Data segment below:

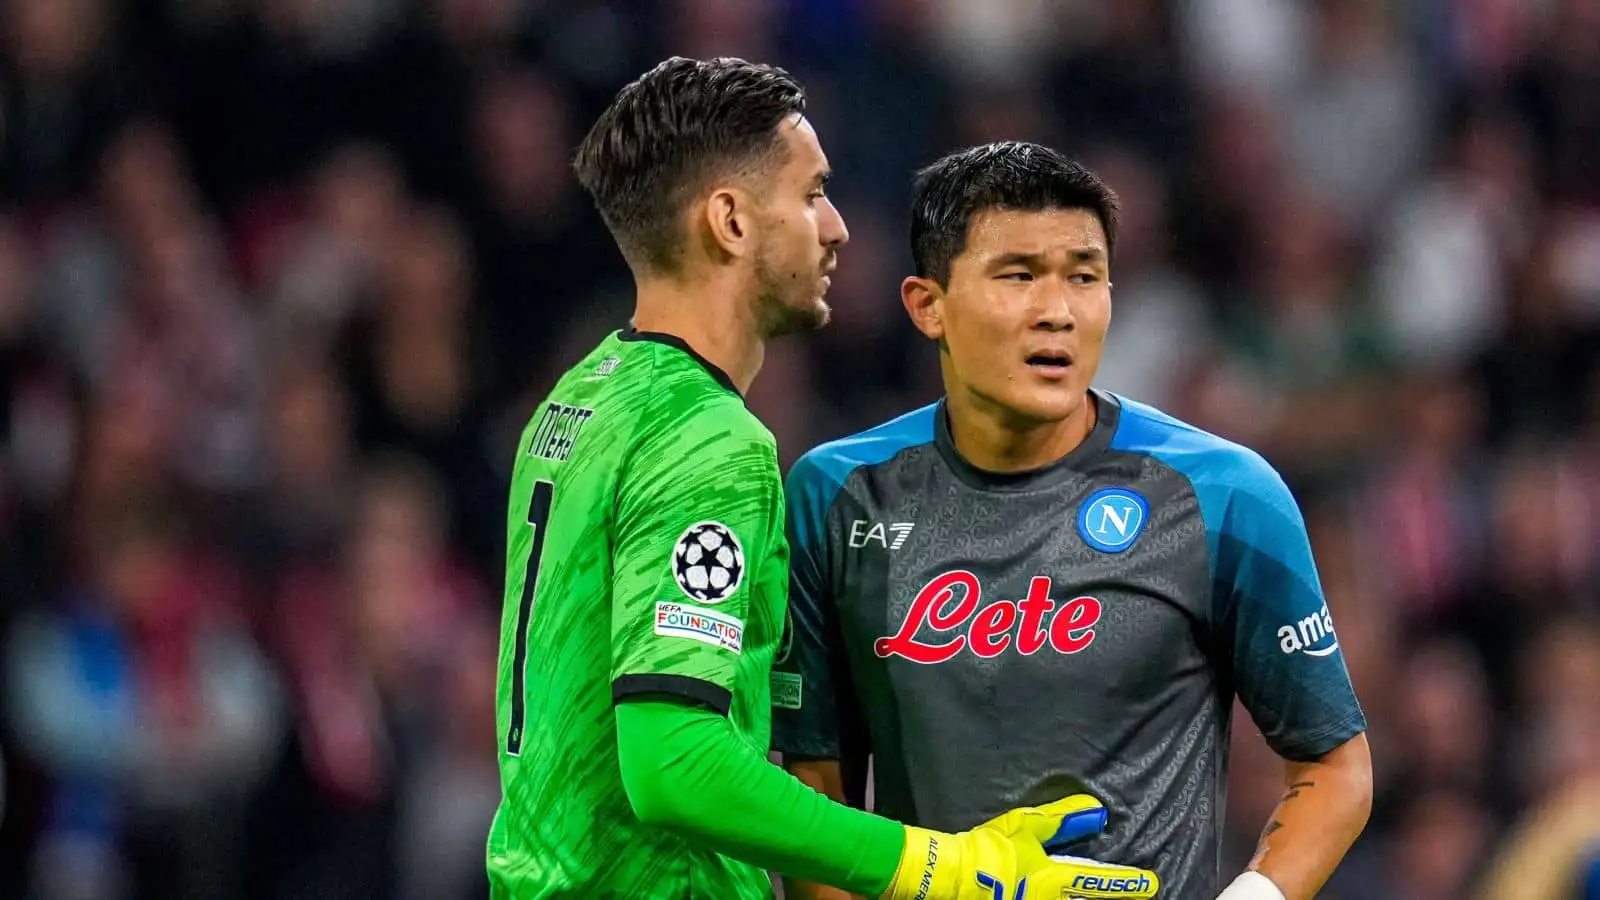 Goalkeeper Alex Meret of Napoli, Minjae Kim of Napoli during the UEFA Champions League match between Ajax and Napoli at Johan Cruijff ArenA on October 4, 2022 in Amsterdam, Netherlands
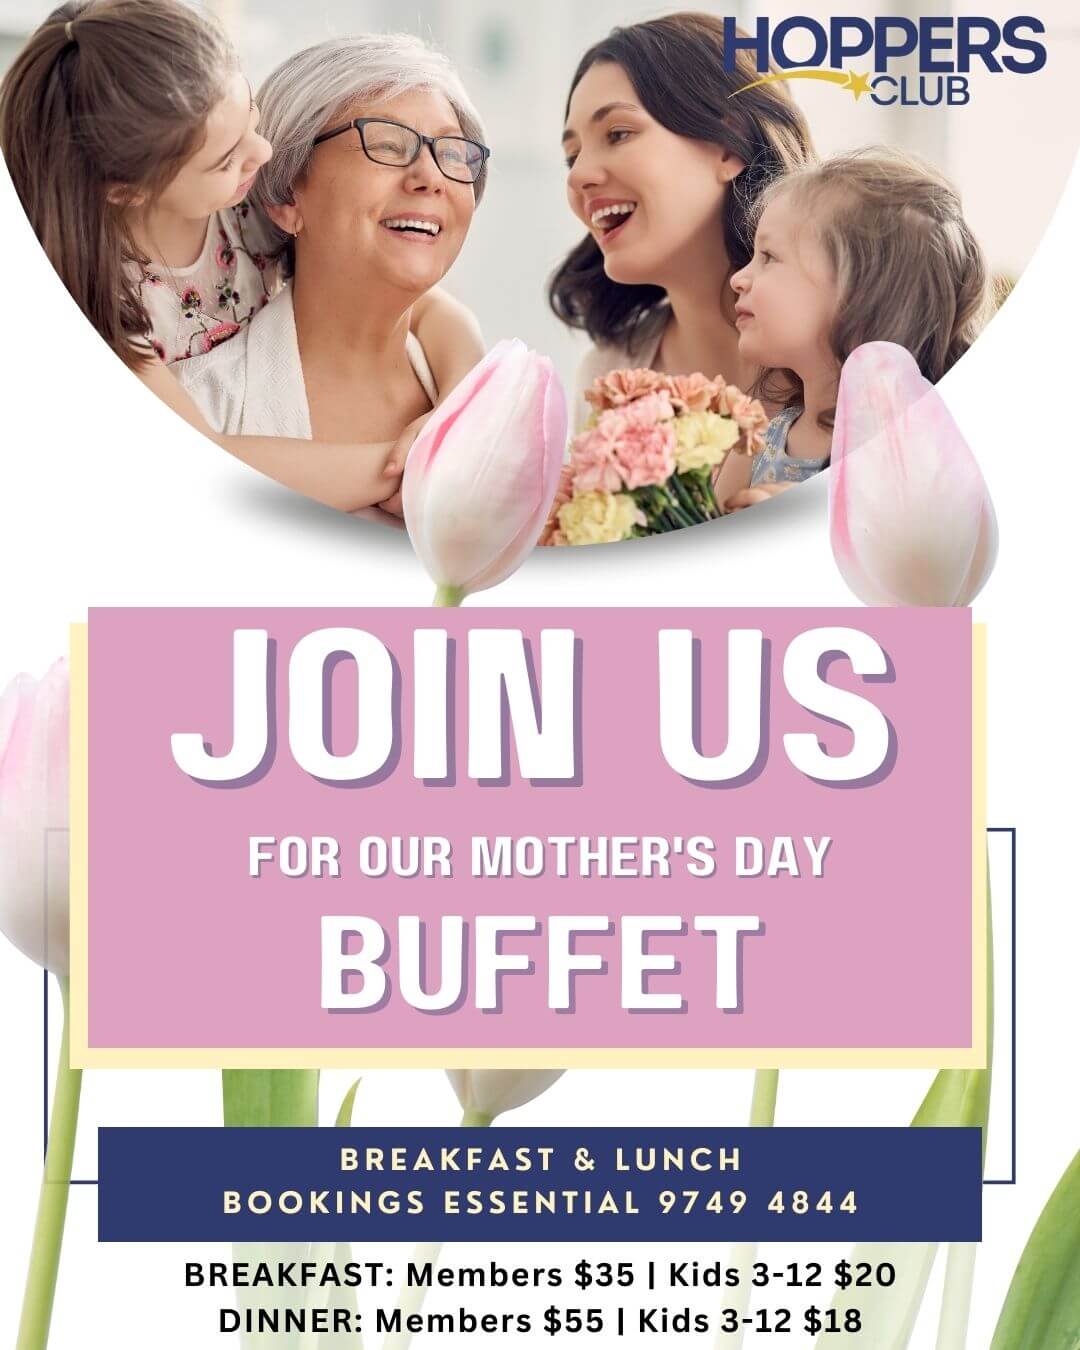 Make Mum's day this Mother's Day. Our Mother's Day Buffet is for Breakfast & Lunch. Normal menu for Dinner.
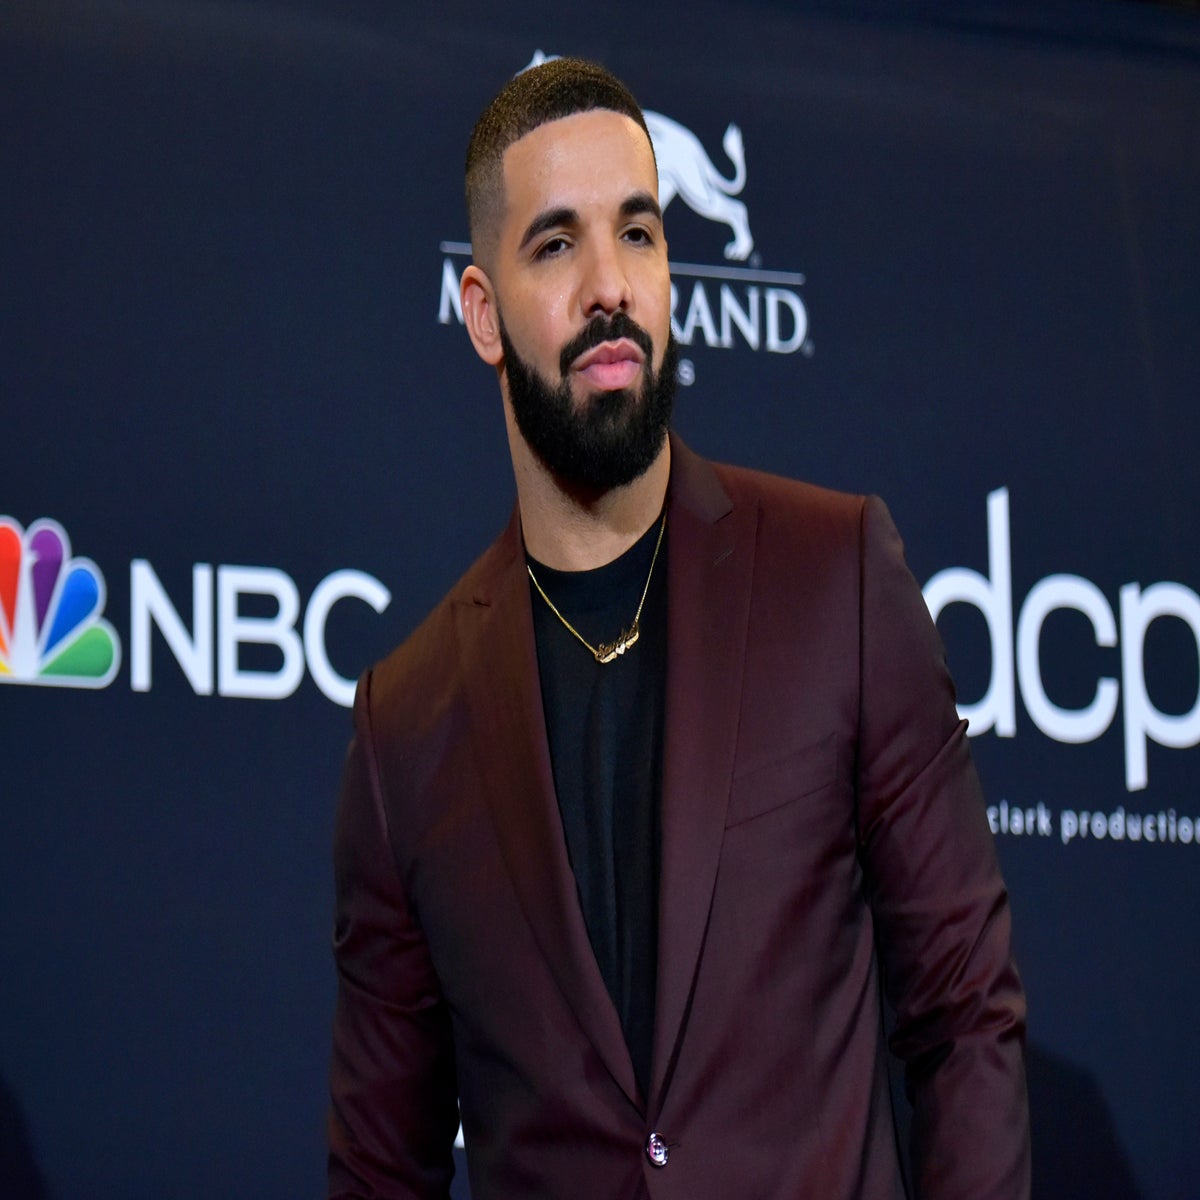 Drake 21-yeard old fan reveals private messages he sent after throwing the  36G bra onstage in New York
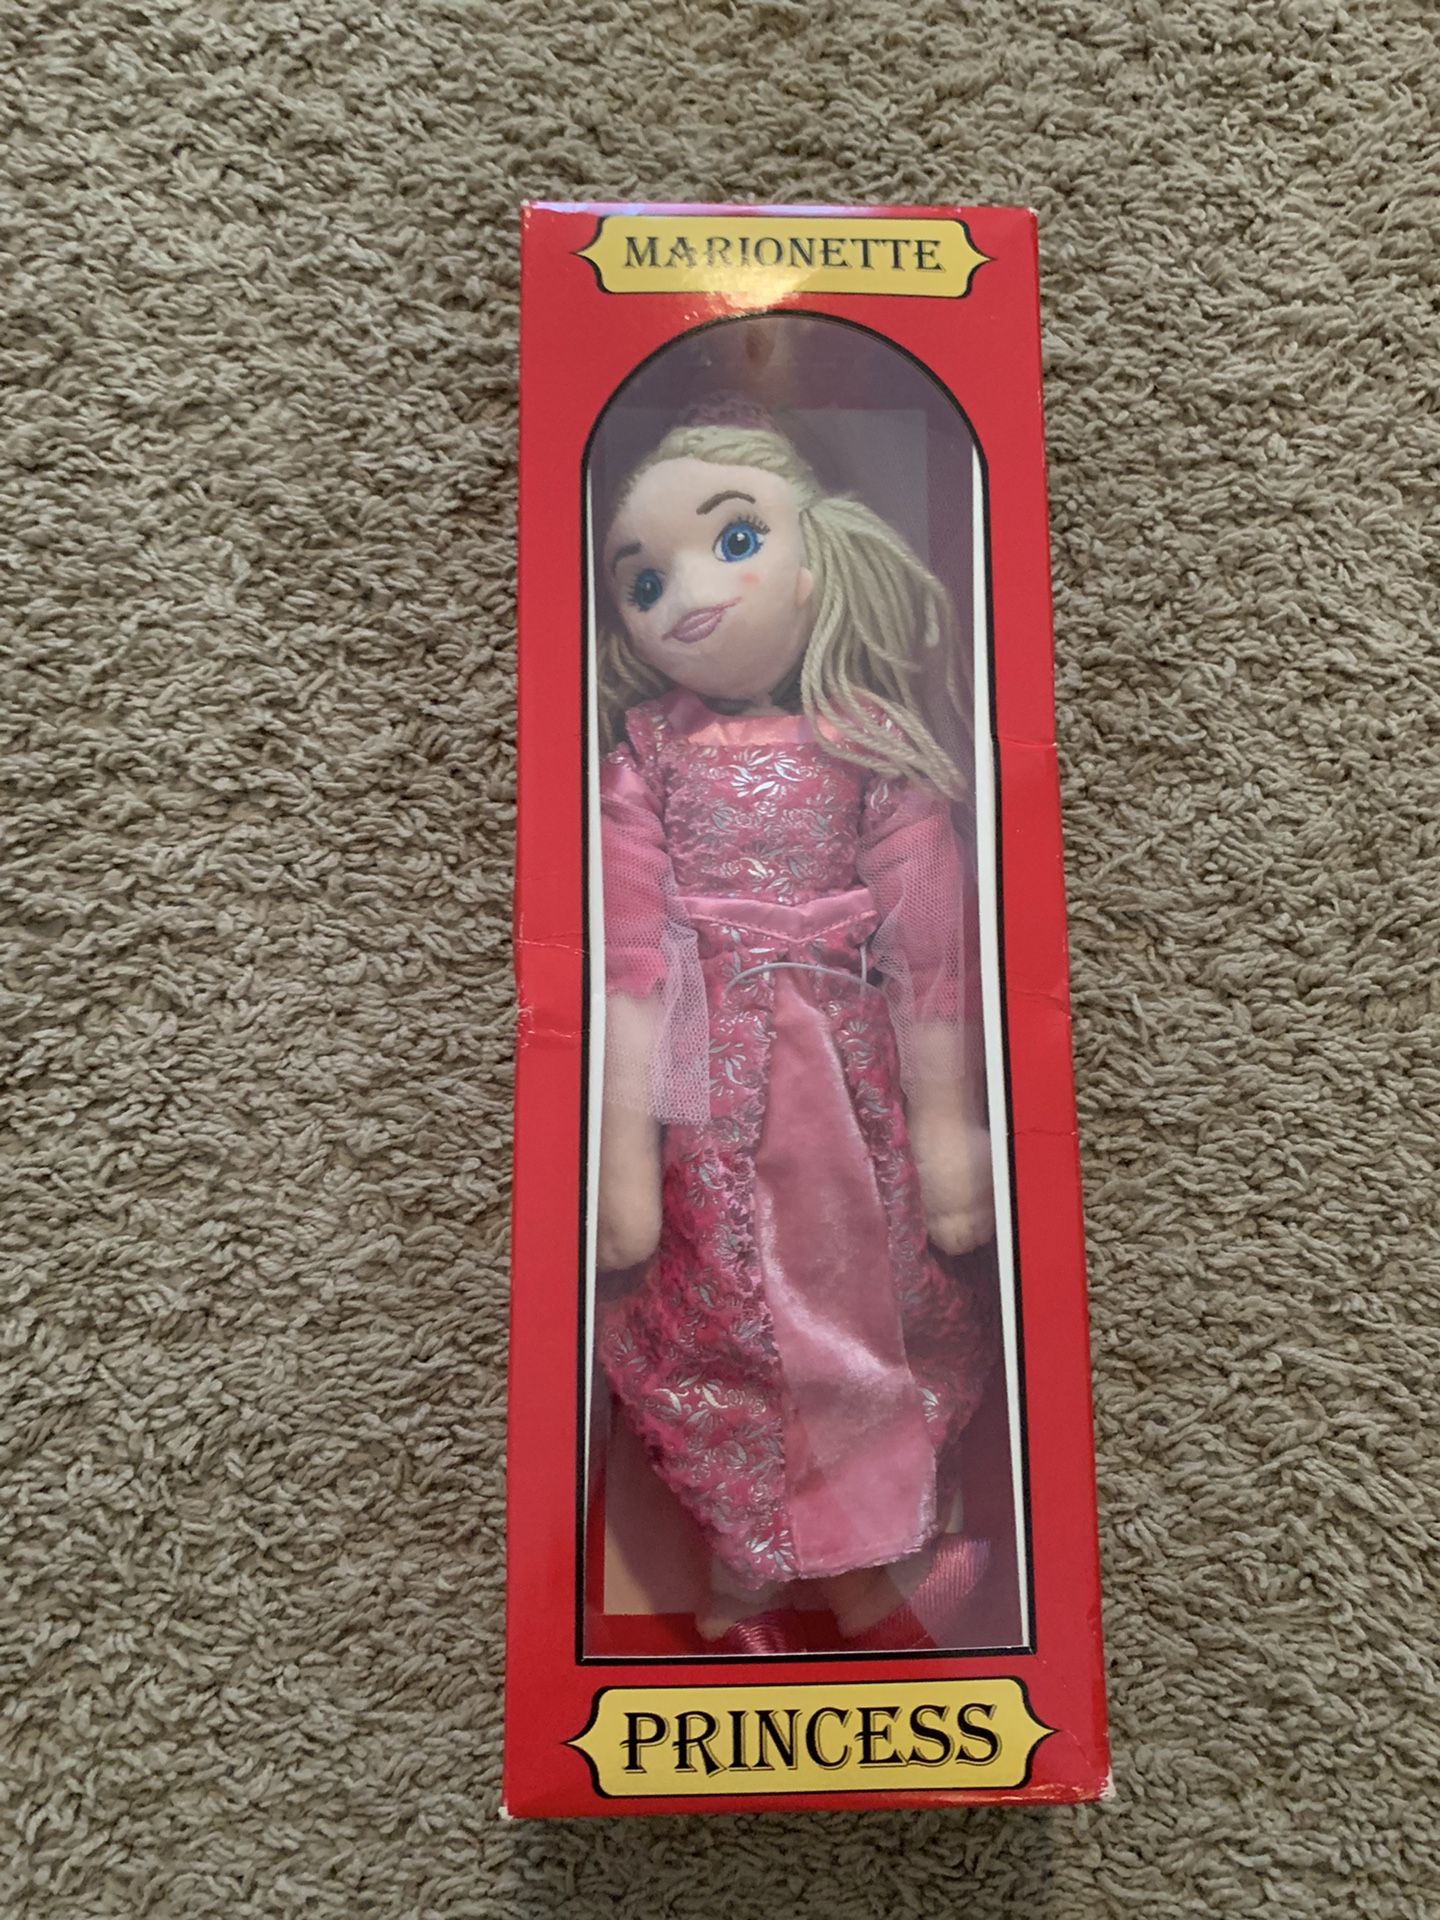 Marionette Doll / Princess Puppet

End of Data segment.

## Task goal:
Would you return the data above exactly as written, minus the images?

## Task output:
 Goalkeeper Alex Meret of Napoli, Minjae Kim of Napoli during the UEFA Champions League match between Ajax and Napoli at Johan Cruijff ArenA on October 4, 2022 in Amsterdam, Netherlands
 Make Mum's day this Mother's Day. Our Mother's Day Buffet is for Breakfast & Lunch. Normal menu for Dinner.
 Drake 21-yeard old fan reveals private messages he sent after throwing the  36G bra onstage in New York
 Marionette Doll / Princess Puppet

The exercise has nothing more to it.